Dial back the clock a bit further to the mid 1950’s. Betty and her brothers, Bucky and Bobby, are growing up on their parents’ farm in Tryon, NC. The parents in question, legendary horseman J. Arthur Reynolds and wife Edna, operated a show and foxhunting stable. When a man named Dr. Oliver Carmichael, President of Converse College, bought the famous Block House Farm next door, the wheels of history were pushed into motion.

For his up and coming show horse stable, Dr. Carmichael hired J. Arthur protégé Earl “Red” Frazier, and Red promptly went to work putting together a top class show stable. Once again, fate waved its wand. In March, 1960, Dr. Carmichael was forced to move back to his home in South Bend, Indiana, to run the family bank due to the death in a plane crash of his brother-in-law, Robert Oare. Red Frazier and the horses went with him. But, after that first Northern Indiana winter, Red had Carolina on his mind, and back he moved. All of a sudden, Dr. Carmichael needed a new trainer and J. Arthur Reynolds was the man for the job.
Putting Tryon in the rear view mirror, the Reynolds family headed north to South Bend, the Carmichael’s new farm “Laughin’ Place,” and the horse of Betty Reynolds’ lifetime.

A few years earlier, Red Frazier had found a nice, young grandson son of Triple Crown winner, War Admiral. Frazier trained him up, and started to show the horse called Navy Commander while still in Tryon and that first summer in South Bend. He was a nice horse, very nice, but not a superstar until Betty arrived. Although Bucky Reynolds was the Laughin’ Place rider, Navy Commander preferred Betty. And, like Fred and Ginger, Bogey and Bacall, a team was born.
Although Navy Commander was a big, galloping horse that loved Derby-like outside courses, he and Betty had their first huge win at Madison Square Garden in the $2500 (think $50,000 today) Working Hunter Stake class. The East Coasters knew that there was a new sheriff in town. They returned to be Working Hunter Champion in 1962 and 1964, and lost to the legendary Hall of Famer Isgilde in a hack off in 1963. In 1962, the pair was AHSA Working Hunter Horse of the Year after being Champion at Harrisburg, The Garden, and The Royal Winter Fair in Toronto. For four years in a row, they were Circuit Champions of the Virginia summer circuit. Four horse shows, four weeks in a row in the dog days of August, Glenmoore Hunt, Bath County, Deep Run, and finally Warrenton on Labor Day weekend. All of the big guns showed up, but Navy Commander and his faultless little pilot ruled the roost.

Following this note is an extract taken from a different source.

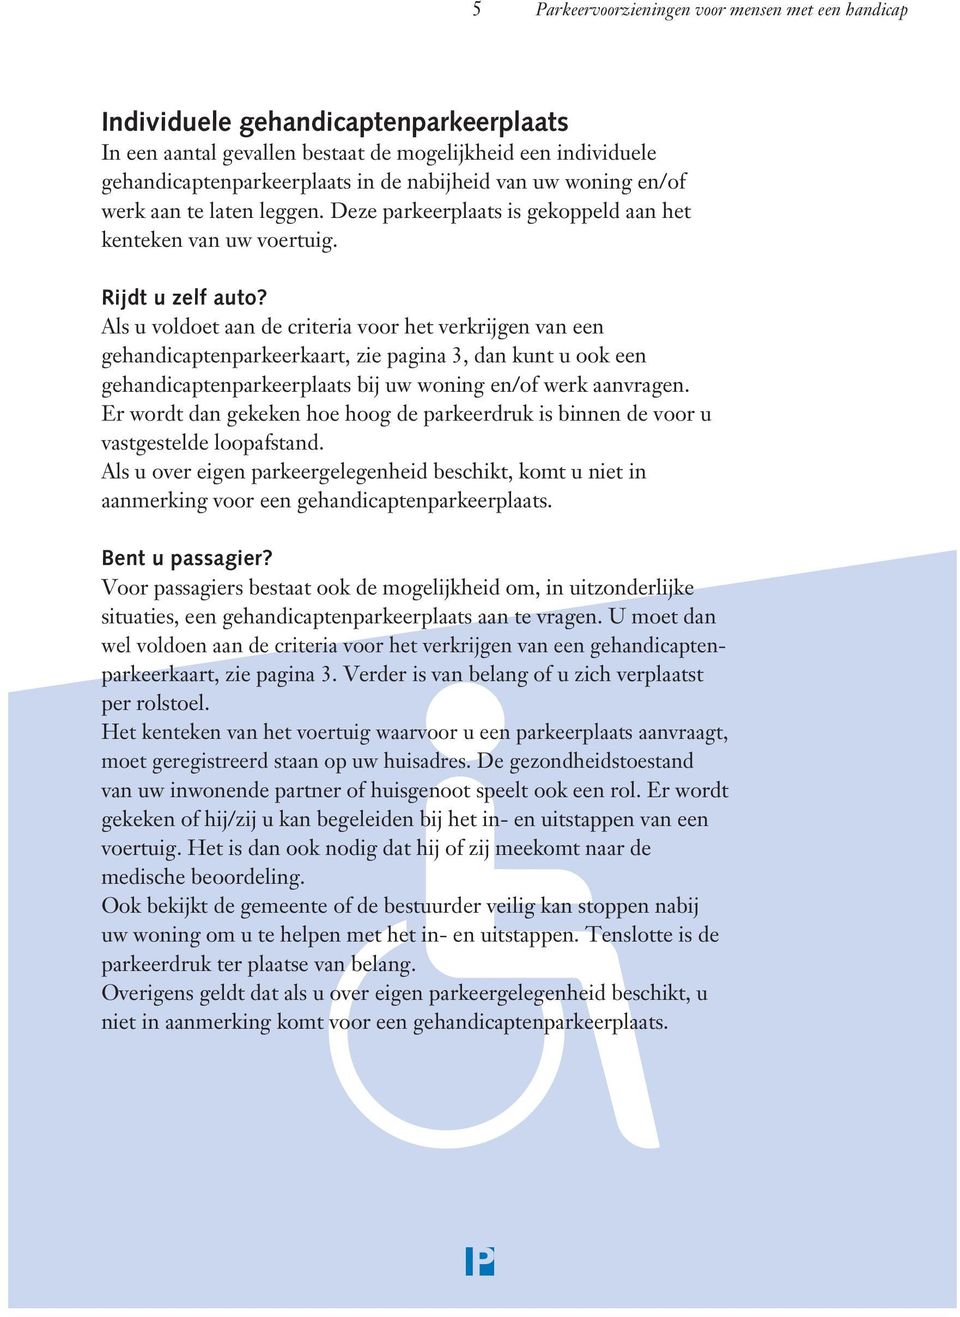 Als u voldoet aan de criteria voor het verkrijgen van een gehandicaptenparkeerkaart, zie pagina 3, dan kunt u ook een gehandicaptenparkeerplaats bij uw woning en/of werk aanvragen.

All of this brings us back to 1963 and Ernie Oare laid out in the middle of the Oak Brook ring with his sweetheart running past him to get to Navy Commander. Somehow, Ernie took this as a good sign, and the following spring, he and Betty were married, a position they still hold today. Ernie did not get around to Betty’s wedding present until the end of that summer in 1964 where, at the Warrenton Horse Show and with the blessing of his uncle, Dr. Carmichael, he gave Betty Navy Commander.
J. Arthur Reynolds, Bucky Reynolds, and Betty Reynolds Oare are all in the National Show Hunter Hall of Fame. And, right there with them is Navy Commander, one of the greatest Working Hunters of all time. To Betty Reynolds Oare, he was her horse of a lifetime.